Flyfishing Stories by Bob Lawless
This seems like a simple question that deserves
only a simple answer. Whoever catches the fish owns it,
stupid. Well, let's give this a little more thought than
that. Maybe a little episode that happened to me will be
useful to illustrate what I mean, i.e. the answer is somewhat
complex.
I was on Oregon's Chetco River one Thanksgiving
a few years ago where low water had all the salmon, mostly
Kings in the 30 pound range, stacked in a pool above the
hole known as "Social Security." Only old farts,
like me, get to fish that hole. But I was thirty-five then
and forced to fish just above it.
This spot was dynamite!. Chocked full of big
fish and, of course, shoulder to shoulder fishermen. I had
a fly rod but chose to leave it in the truck because of
all the fishermen and gear is so much easier to control.
If you see some jerk is going to foul your line, it is much
easier to get out of the way with gear than it is with a
long fly line drifting over everyone's stuff.

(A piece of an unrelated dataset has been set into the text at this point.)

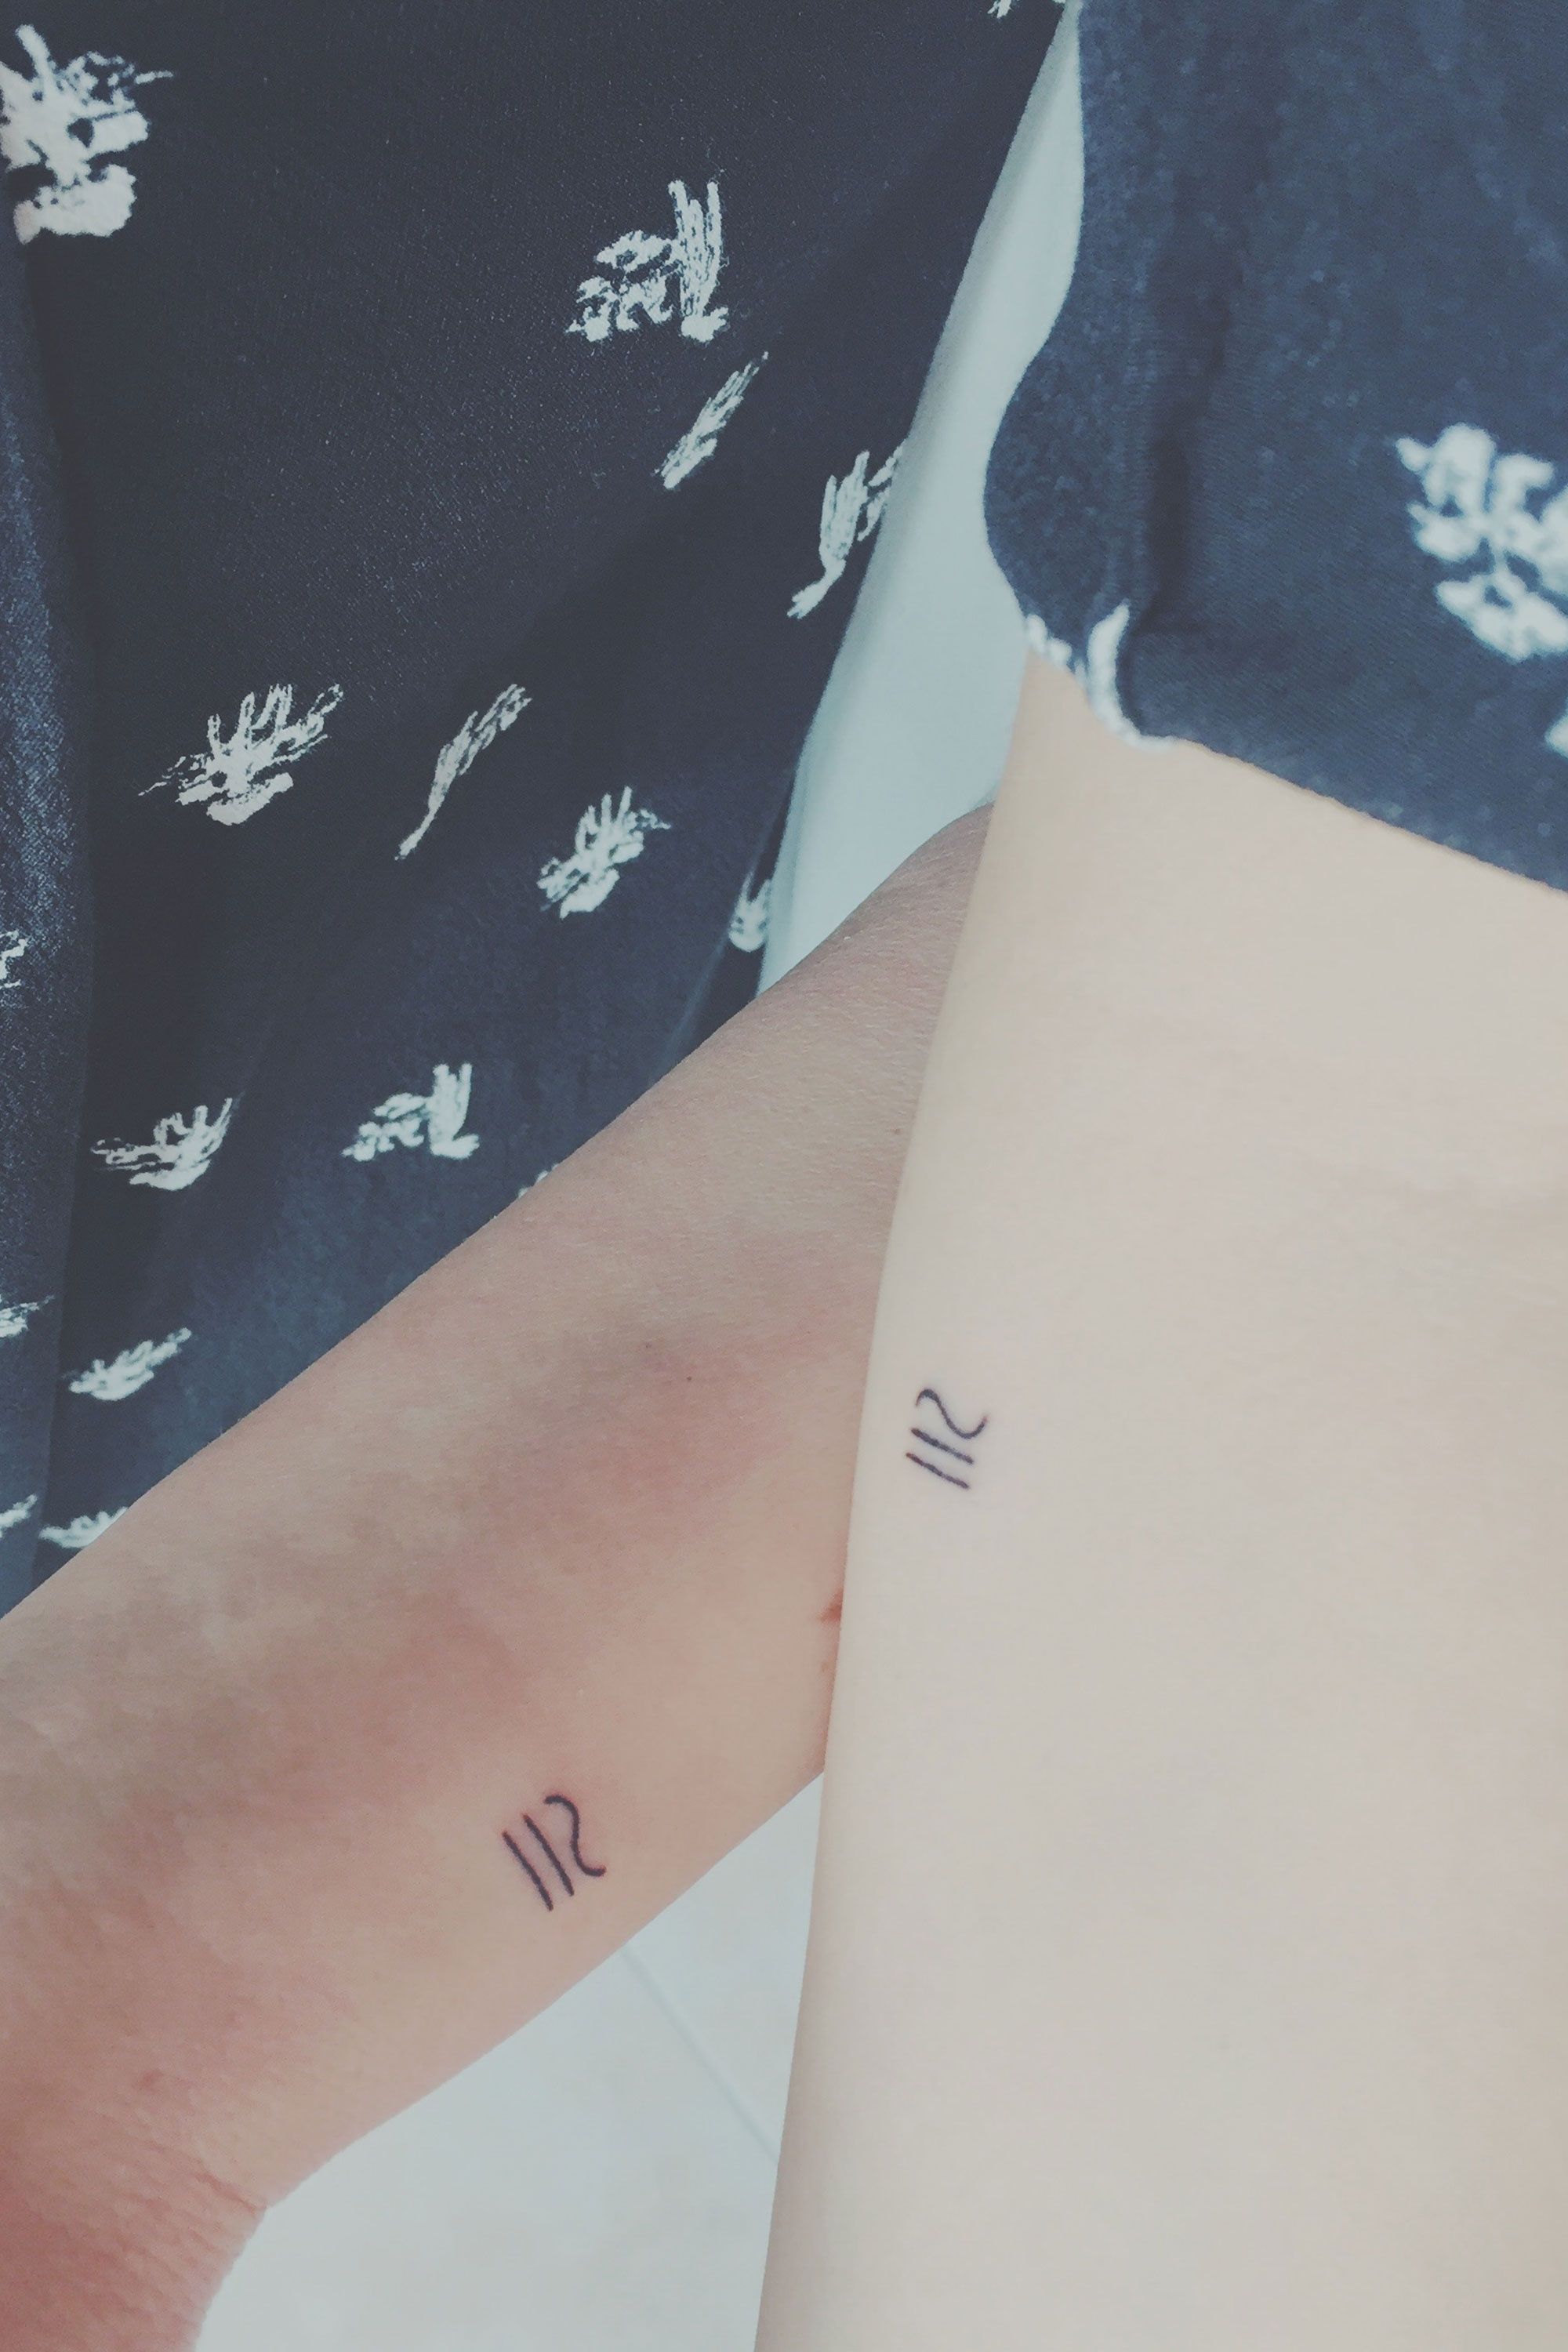 Tattoos by Ping - Minimalist Gilmore girls outline & “in omnia paratus” 🖤  Thanks Jenna! Don't forget, you can enter my tattoo raffle until midnight  on November 15!✨ Link to post with

So I walk up to the crowd and shout out, "Hi,
everybody. I hope you are all doing well and I hope I might
be allowed to join you." There were a few mumbles and
grumbles, but nothing to my face. I was a big bozo then
and so I had a certain amount of balls to be so out front
with them. Anyway I started to muscle in where I thought
the resistance might be the least. And I got a spot. Whoosh,
and I send my spin and glow right over against this rock
wall and I get a viscous strike and holler out, "Fish
on!!" They all got out of my way as the salmon made
a heated run straight downstream where I found a quiet spot
to wear him out. I am almost certain that I snagged that
fish even though the hooks were in his mouth. Salmon swim
with their mouths open and this is thus the place where
they are most likely to be foul hooked. Long story short,
I slipped the lure out of the salmon's mouth (he looked
to be about 14 lbs or so) and he beat it in a blink of the
old eye. There was a gasp from the crowd as catch and release
was unknown then.
An old hag approached me and demanded why
I had released the fish, that there were hungry people in
this town (Brookings, OR) and that if I didn't give a damn
about keeping or eating fish that they did, and why had
I not offered it to someone seeing as how they had given
me a place to fish. I told her that the limit was only two
fish and that I wanted two thirty pounders. She said she
understood but why throw away the small fish. I said again
that the limit is two and if I kept the fish, I could only
have one big one. She said,"Aw, shit, no one cares
about those things. You could of given me the fish and then
caught two more. No one will say anything. You don't hafta
worry 'bout that." I told her, somewhat righteously,
that I don't break the law. She spat and then walked away
mad. There was more rumbling and grumbling from the mob.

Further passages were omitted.